§ **DATA SECTION**
=-=-=
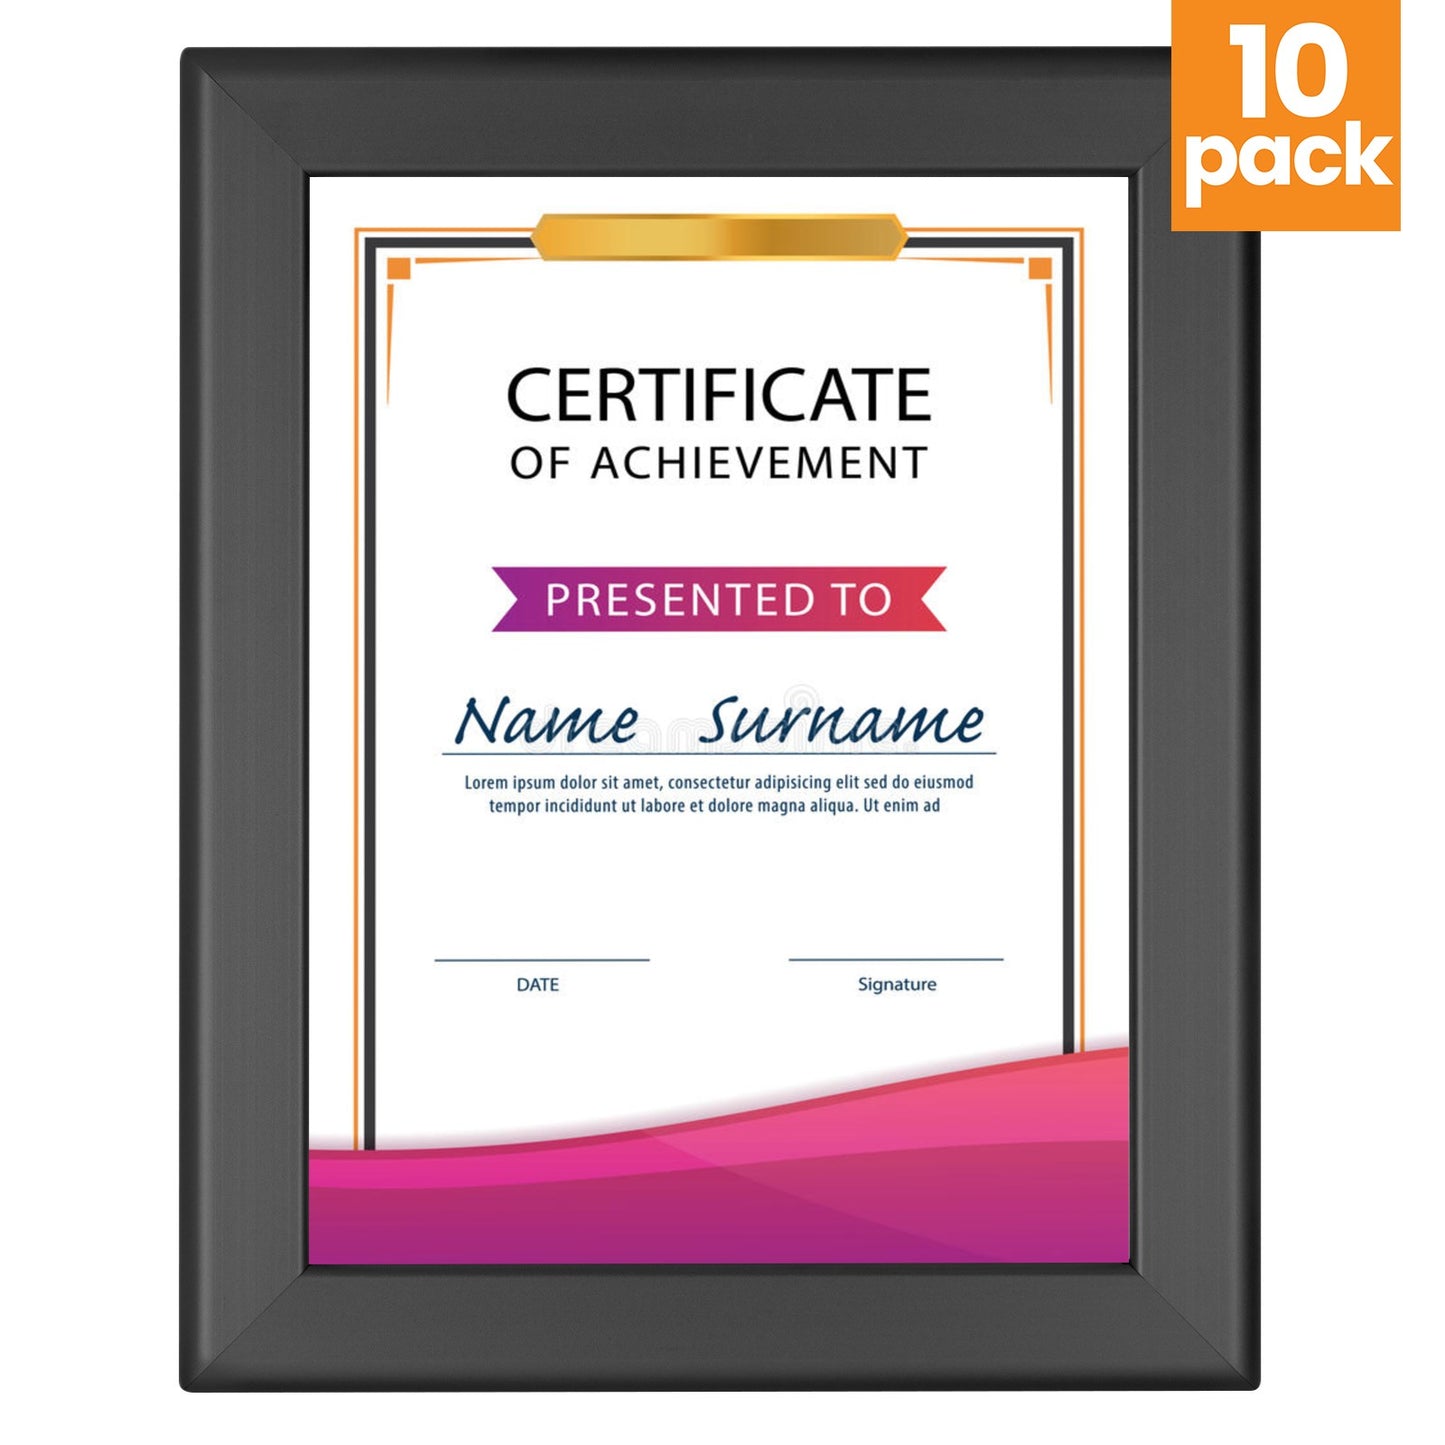 10 Case Pack of Snapezo® of Black 8.5x11 Weather-Resistant Certificate Frame - 1.38" Profile
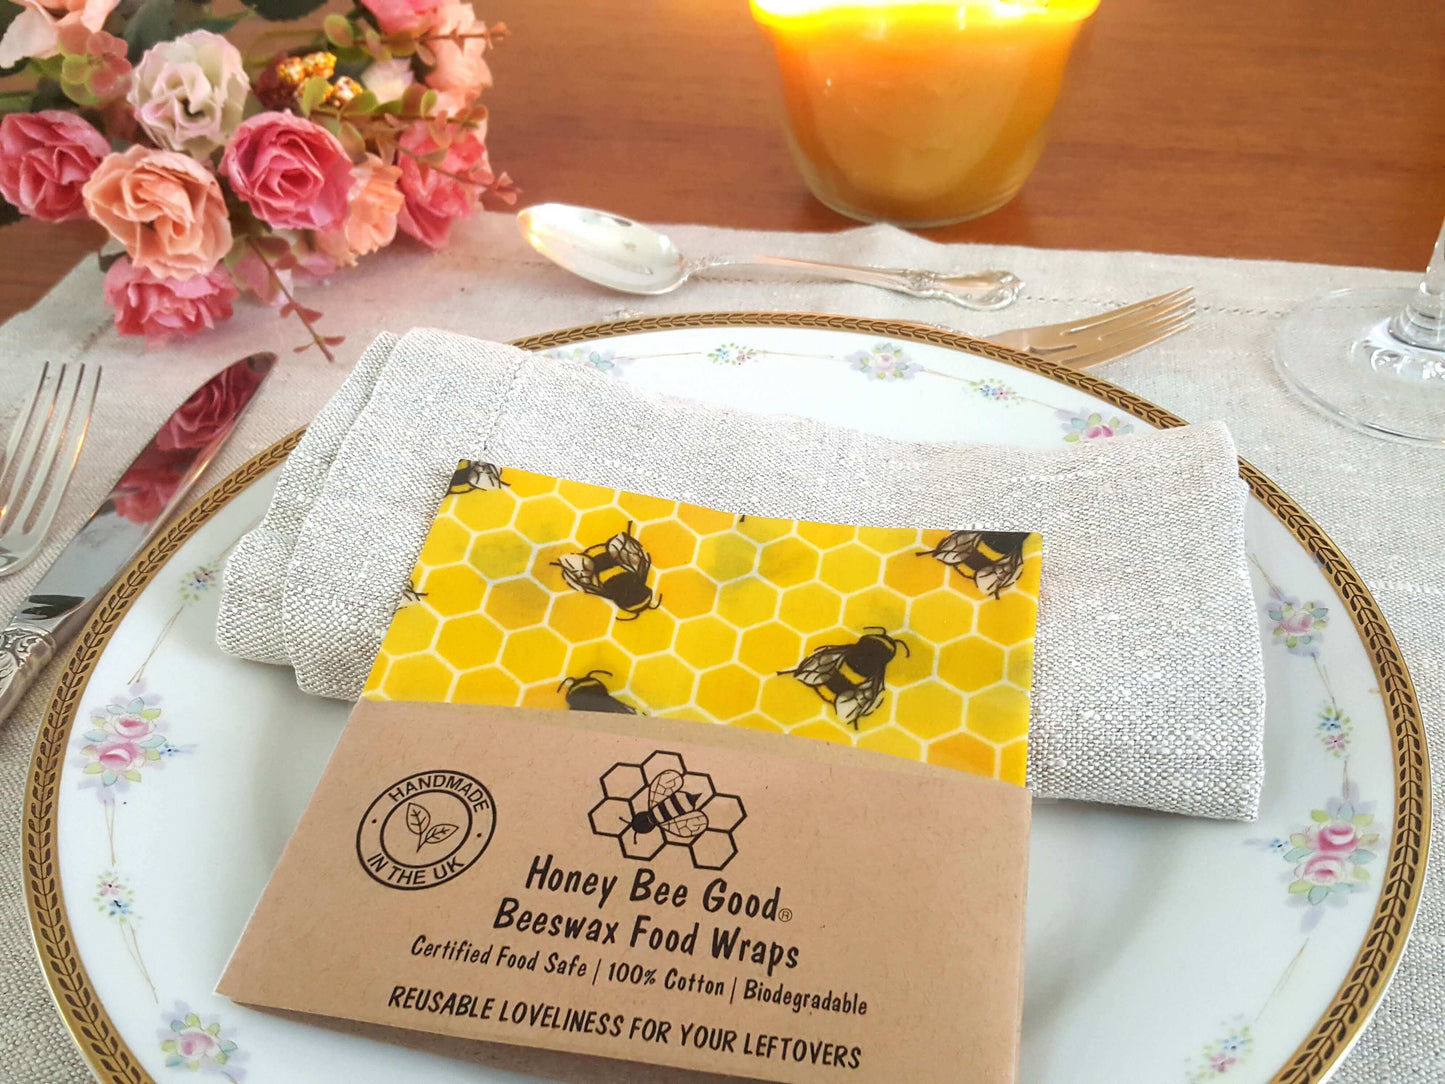 Reusable Beeswax Food Wraps 100% Hand Made in the UK by Honey Bee Good shown in Single Party Favour
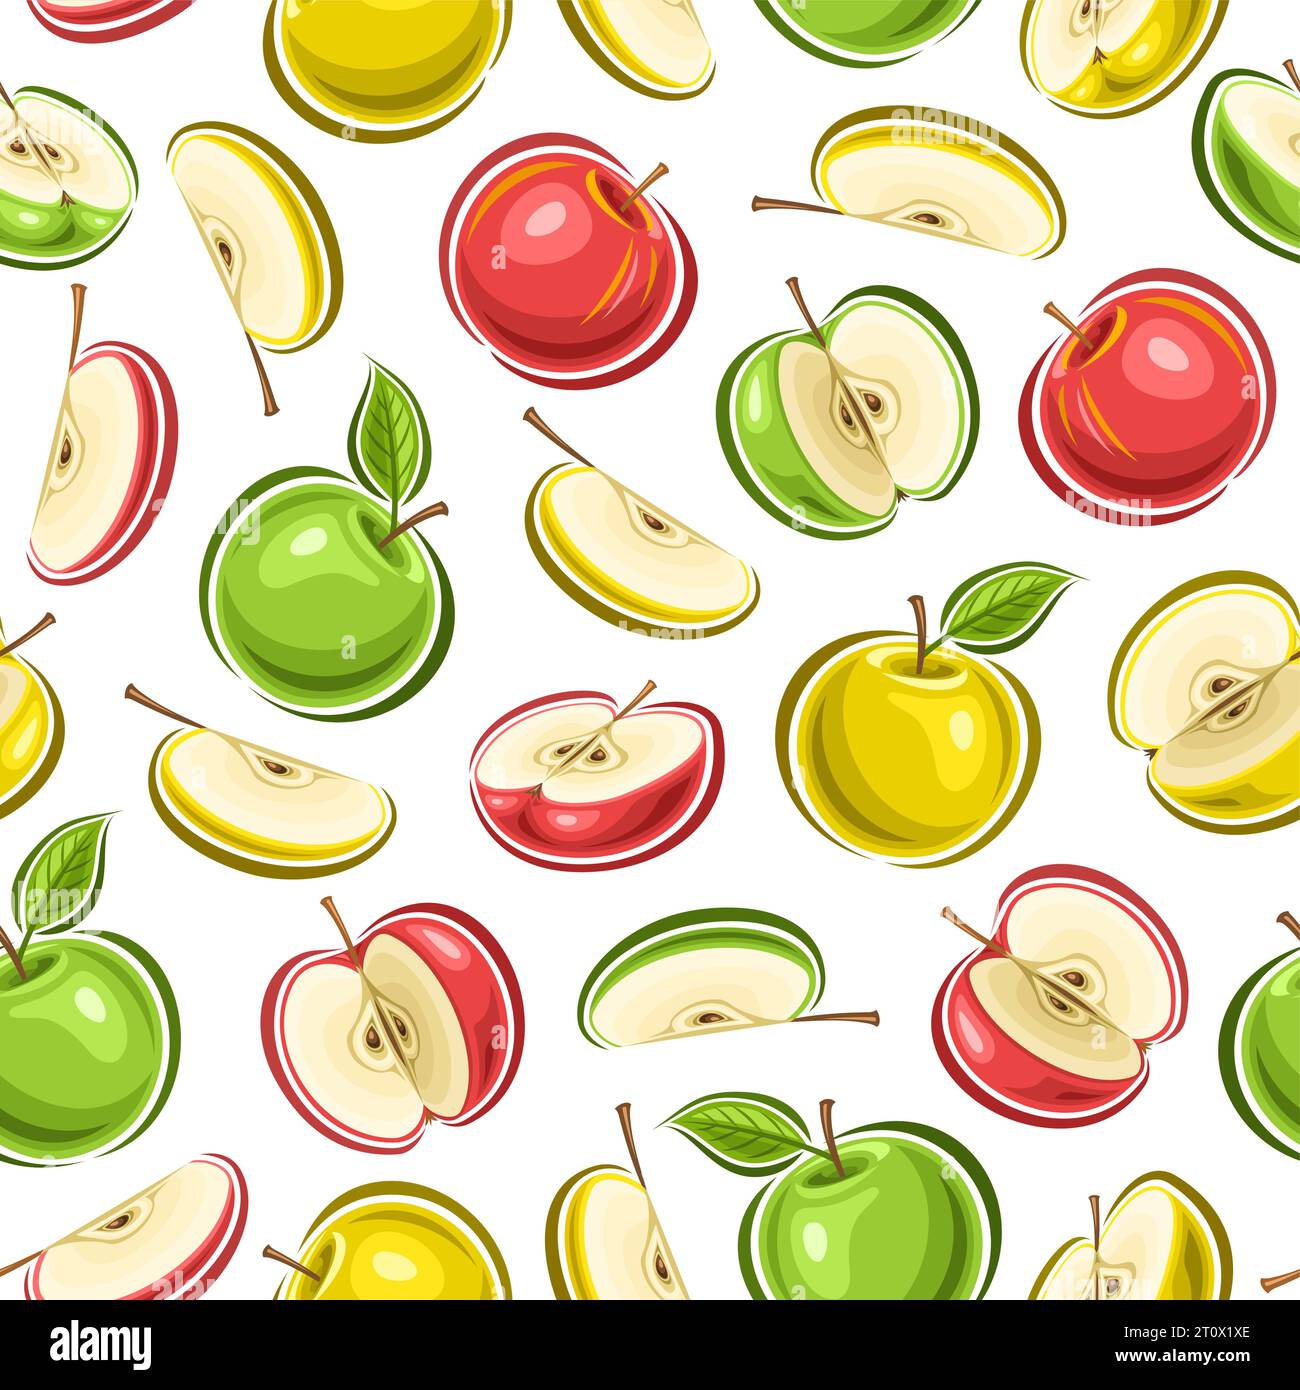 Vector Colorful Apple seamless pattern, square repeat background with cut out illustrations of ripe chopped apples with green leaves for wrapping pape Stock Vector
=-=-=
Leaving out all pictures, repeat word for word the lines from the one containing "Reusable Beeswax Food" through the final line of the material above.

§ **RESULT FOR THIS EXERCISE**
 Reusable Beeswax Food Wraps 100% Hand Made in the UK by Honey Bee Good shown in Single Party Favour
 Vector Colorful Apple seamless pattern, square repeat background with cut out illustrations of ripe chopped apples with green leaves for wrapping pape Stock Vector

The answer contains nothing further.